We argue that model validation should receive more attention, and other measures should be implemented such that validation of models within personalised medicine becomes easier, also across borders. While this is an evident necessity within the context of models implemented as medical devices or decision tools, which are regulated by the European Medicines Agency and national competent authorities, we argue that model validation should be a higher priority at research level also, facilitating assessment by peers and by medical doctors – who themselves should receive better training in assessment of research using in silico models. This will also ease the implementation of translational research results in the clinic.

Acceptance by doctors and the relevant medical specialties is a key hurdle for in silico models in personalised medicine. Any medical product - device, algorithm or drug - has to prove itself safe and effective to be licensed for use by regulators; however, it has also to be accepted by medical experts as being a good choice, and be recommended within clinical specialties.
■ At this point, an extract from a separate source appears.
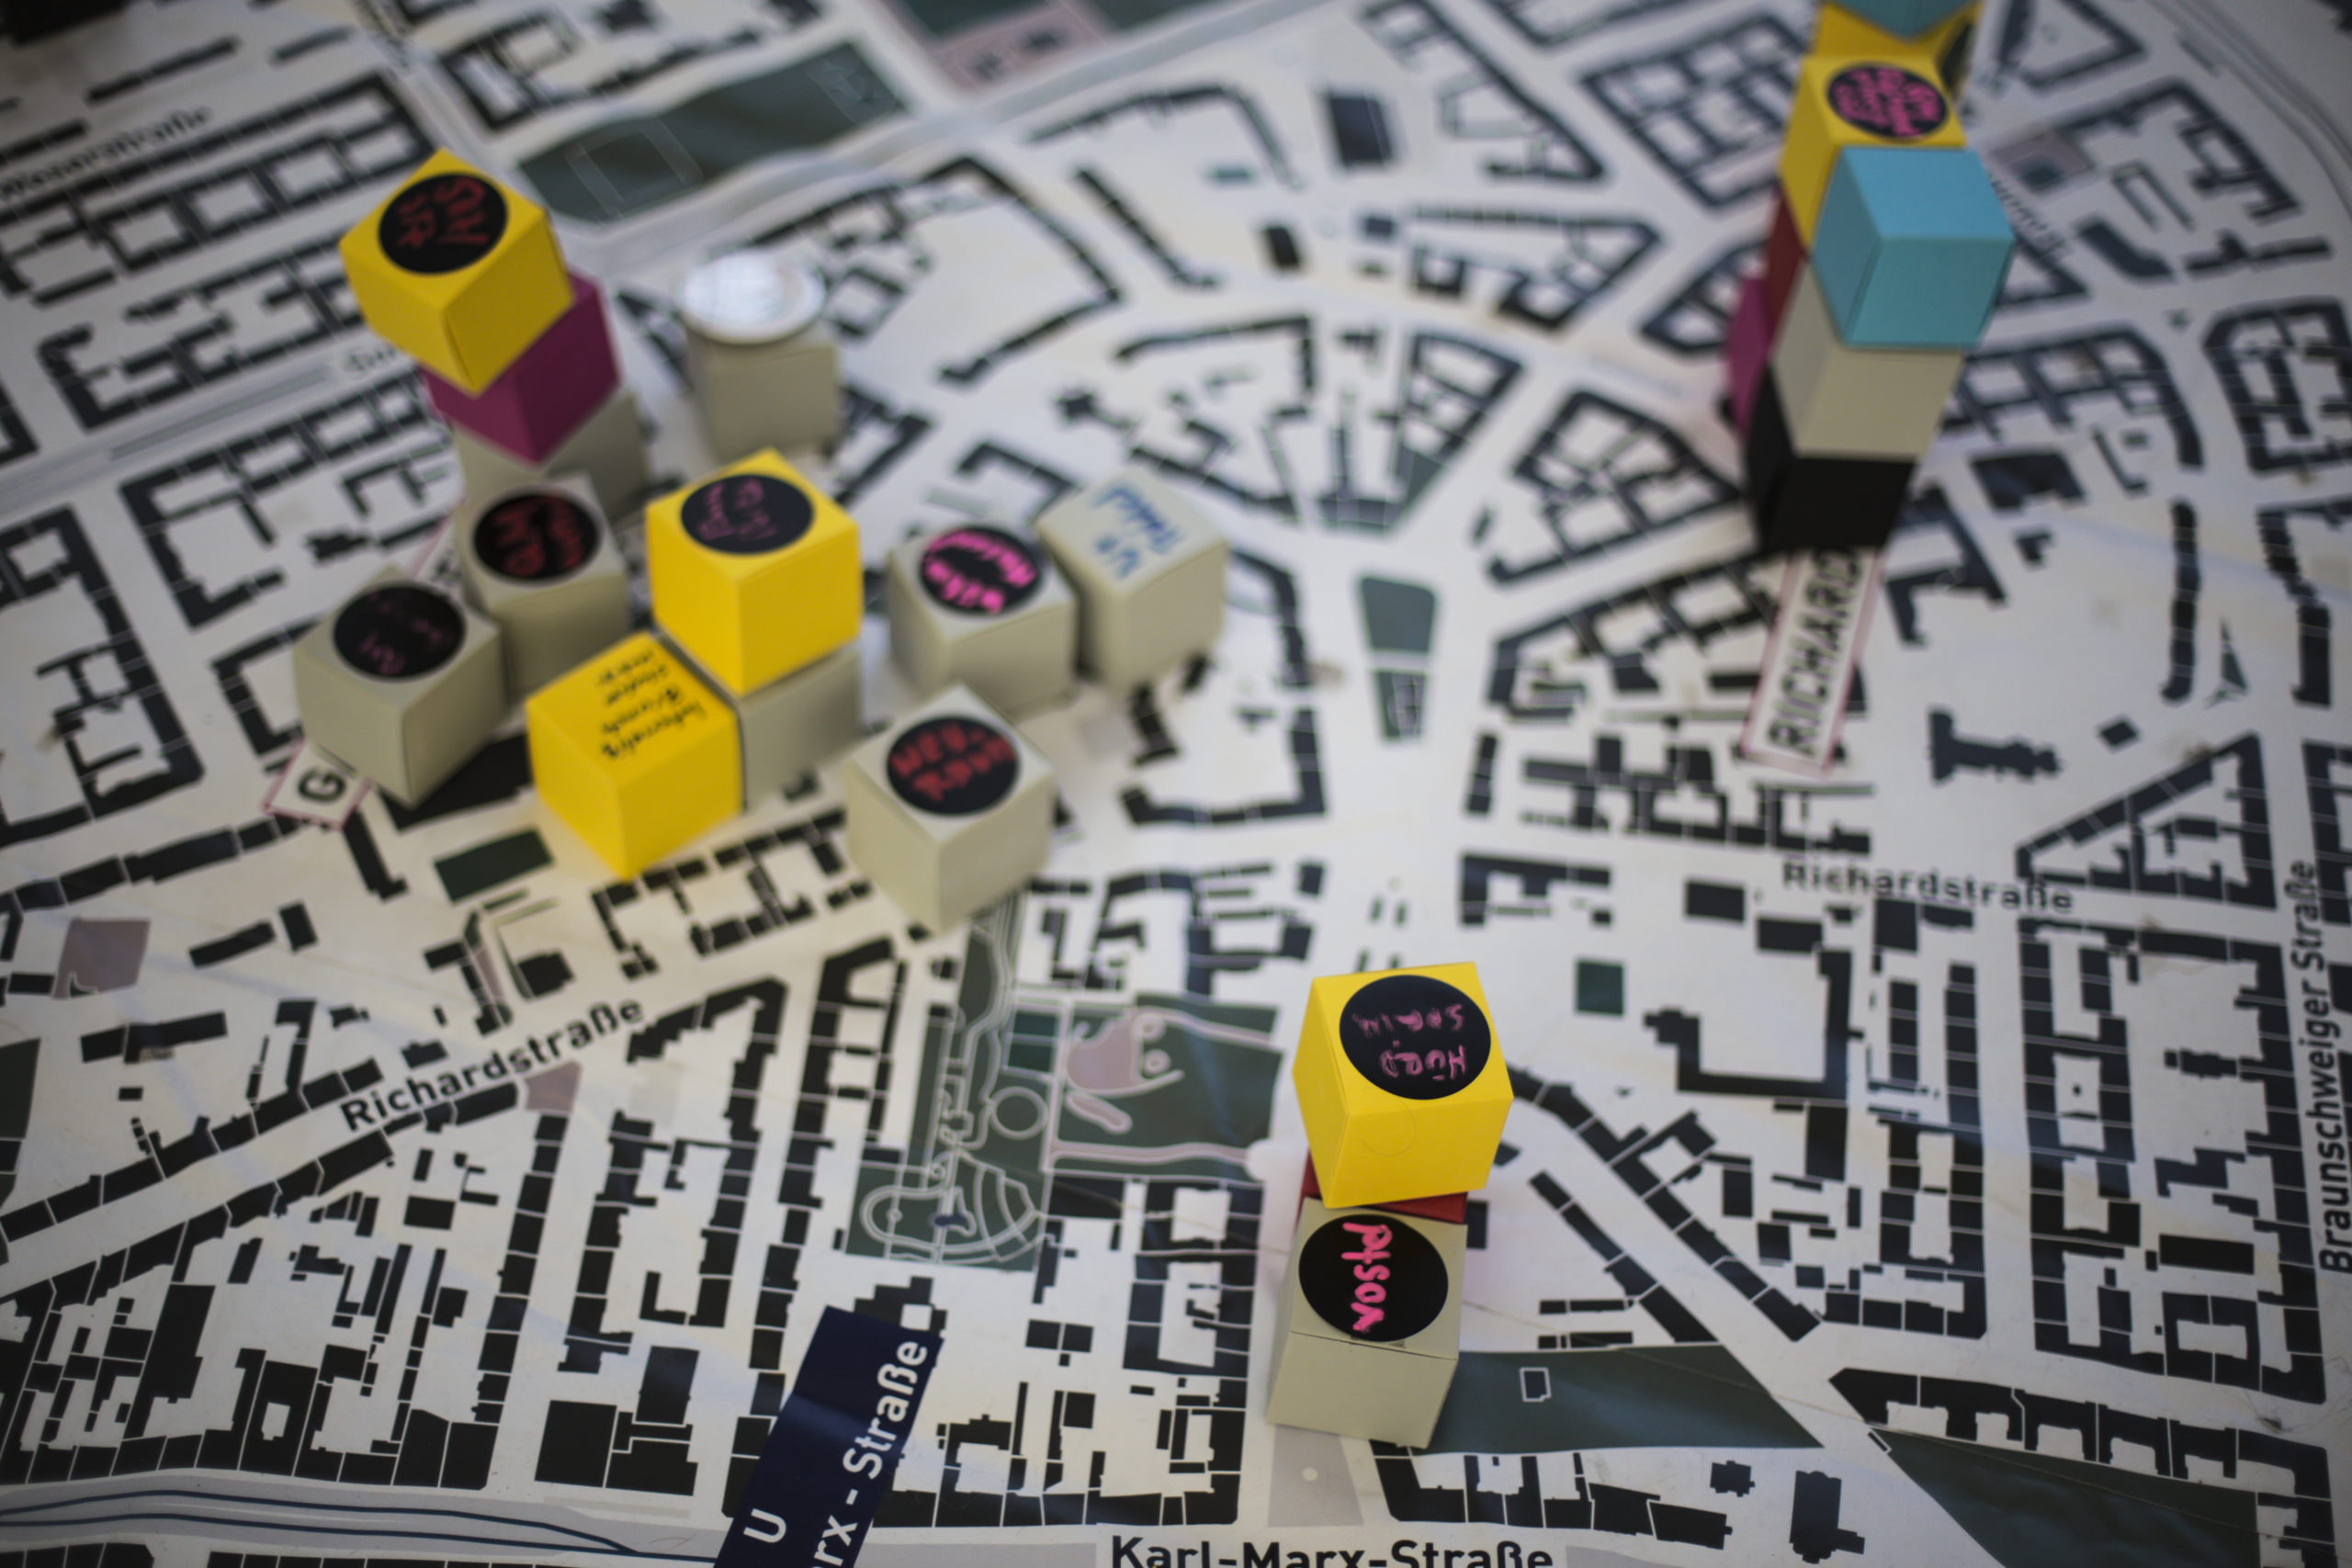 Stadtplan mit bunten beschrifteten Holzbausteinen als Symbol für Bürger*innenbeteiligung in Neukölln

EU-STANDS4PM joined forces to examine to what extent existing standards or standards under development for both format and semantics can be used to link clinical and health as well as research data to computational models relevant for personalised medicine. As all requirements should be equally understood and fulfilled by users it is important to define them uniformly in an international context. To achieve this the conclusion of our work shall be also discussed in international standardization and technical committees, especially in the case of standards that are still being drawn up, and new standardization projects shall be initiated where necessary.

We present a White Paper featuring recommendations for standardization of data integration as well as recommendations for standardization of model validation within a collaborative research context, such that health-related data can be optimally used for translational research and personalised medicine across Europe.

As such the White Paper showcases the approach that takes big data in health through harmonized data integration to the most relevant predictive computational models for personalised medicine. As they are refined and validated these models can provide guidance not just how to use data, but also how to best cope with disease and preserve wellbeing in the daily lives of patients.